Your little one sounds exactly like mine!! DD is 2 1/2 now, and she loves to give and recieve hugs, she is very affectionate, very empathetic. More affectionate than average, I would say! We do have to remind her (often) when we are around other kids that she needs to give them space, ask first before giving hugs, etc, etc. She is learning! I totally understand that other kids need space...not everyone likes a huge bear hug from a stranger! But it is a little sad to see her enthusiasm for others basically rejected. Just part of growing up, I suppose.

As far as why she's like this, I do think it is part personality, part her AP upbringing. She's a people-person; she loves being around other kids. We've also cuddled her and held her so much. She nursed until recently, still sleeps with us, was carried in a sling most of the time for the first year. But she has a cousin the same age who was raised exactly the same way as her (very AP) but has a totally different personality, and he is not very affectionate at all. So I guess I contribute the "lovey"ness in part to AP, but probably mostly personality. The way we've parented just sort of reinforced some natural tendencies that she had: we've created a hugging monster!

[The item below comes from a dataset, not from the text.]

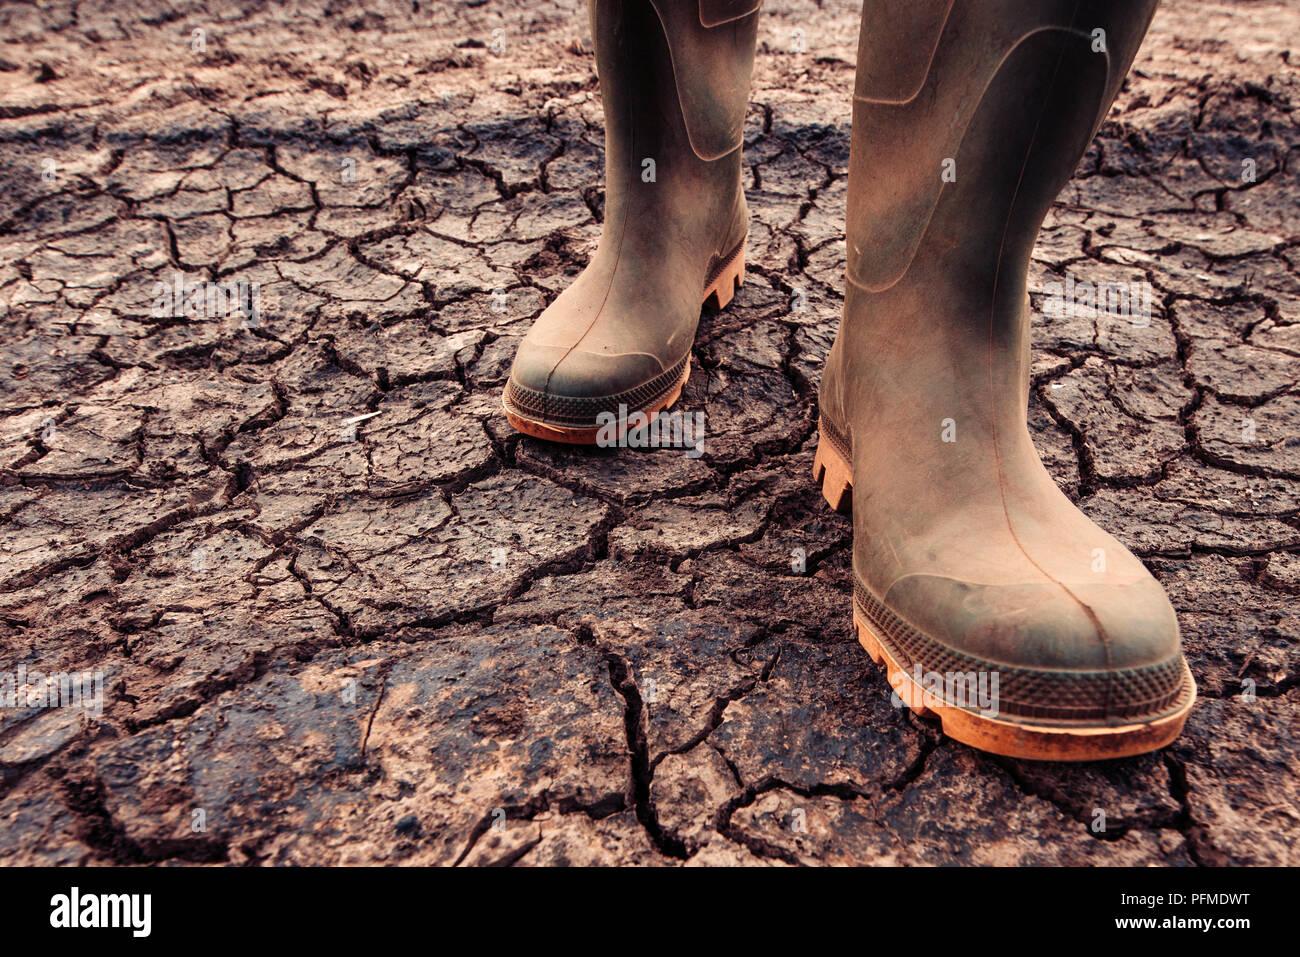 Gummistiefel Landwirt Trockenem Boden Auf Stehen In 3L5jSqcRA4

But I figure that it's really a wonderful personality trait. I imagine that in the future she will be a very caring, nurturing person; someone who will make others feel good about themselves. A wonderful mom! She just needs a little direction for a while on what is socially okay around others.


----------



## Girl Named Sandoz (Jul 16, 2002)

My son is like that too. He's 3.5 now and very affectionate. He spontaneously hugs other kids and often comes up to give me a hug out of the blue. He's also very compassionate and sensitive to others who are in pain or suffering.

I think it's a lovely trait.


----------



## beanma (Jan 6, 2002)

i have the opposite kid and she was a velcro baby who never wanted to be put down. she will snuggle with me or her dad until the end of time, but doesn't want to hold hands with another child _unless it's on her terms_. i think showing affection has very little to do with an AP upbringing and more with personality.


----------



## Tapioca (Feb 4, 2005)

Thanks for the responses. That's what I was trying to figure out - whether it's her personality or a result of upbringing. I guess it's her personality







: I think it's awesome. She's so different to me, I'm not a very touchy feely person at all.

mominchina: Yes, our DDs sound very similar







It's too bad you don't live around here, we could get them together for a hugfest.


----------



## BurgundyElephant (Feb 17, 2006)

My five-year-old has always been very huggy, too. But it's hard, because she still does it. She didn't outgrow it. And she doesn't seem to care that she should hug kids or strangers. We've had soooooo many talks about it. My two-year-old, on the other hand, doesn't like to touch other kids and will lash out (push) if they get too close. She likes to hide behind my legs.

Yes, they've been raised pretty much the same way.


----------